Real-time deepfake detection

Use the streaming API for real-time results

Behavioral Signals Streaming API also supports streaming real-time audio for Deepfake Detection.

For integrating with your application you can either use the low-level gRPC API with your language of choice (Java, Go, NodeJS), or use the Python SDK.

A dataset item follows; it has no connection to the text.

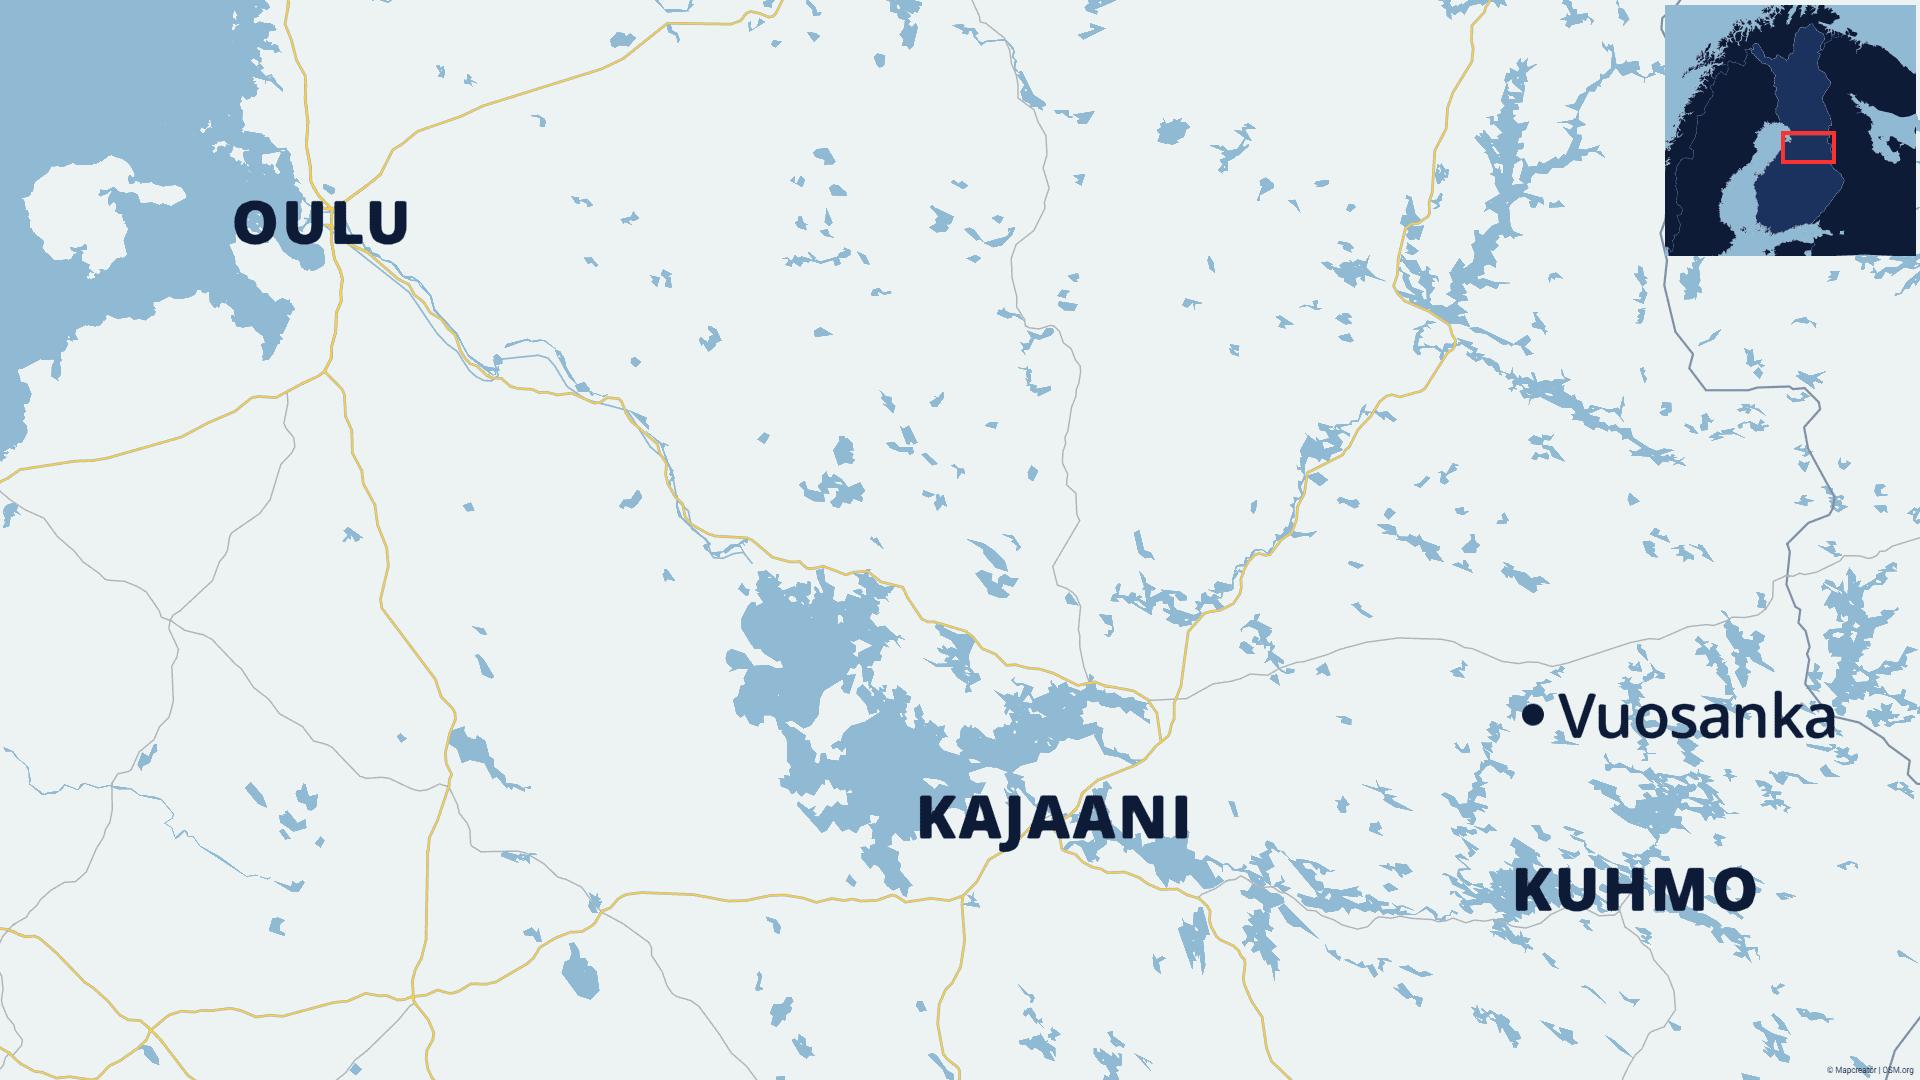 Kartalla näkyvät Oulu, Kajaani, Kuhmo ja Vuosanka.

ℹ️ Description of streaming

With streaming deepfake detection you can send chunks of audio to the API and retrieve results in real-time. Some example use cases include:

  • Streaming live calls, for example in call centers
  • Agentic AI applications where the user's voice is processed live

In the configuration you can switch between segment and utterance level results.

  • In segment level the results are streamed from the server at fixed intervals - every 2 seconds. This is ideal if you want to have short time windows. However keep in mind that the shorter the analysis window is, the less accurate the results may be.
  • In utterance level, the results are streamed from the server at the end of each utterance. This has the advantage that the whole utterance is analyzed in order to make the final decision, resulting in more accurate predictions.

📘

Notes

  • The API detects voice activity first, before analyzing results. This means that if the streamed audio contains silence or non-speech, the API won't stream back any results for these chunks.
  • Best results are obtained using 16kHz mono audio. Encoding has to be linear PCM signed 16-bit.
  • The chunk duration can be arbitrary in size, though we recommend values between 100ms and 500ms.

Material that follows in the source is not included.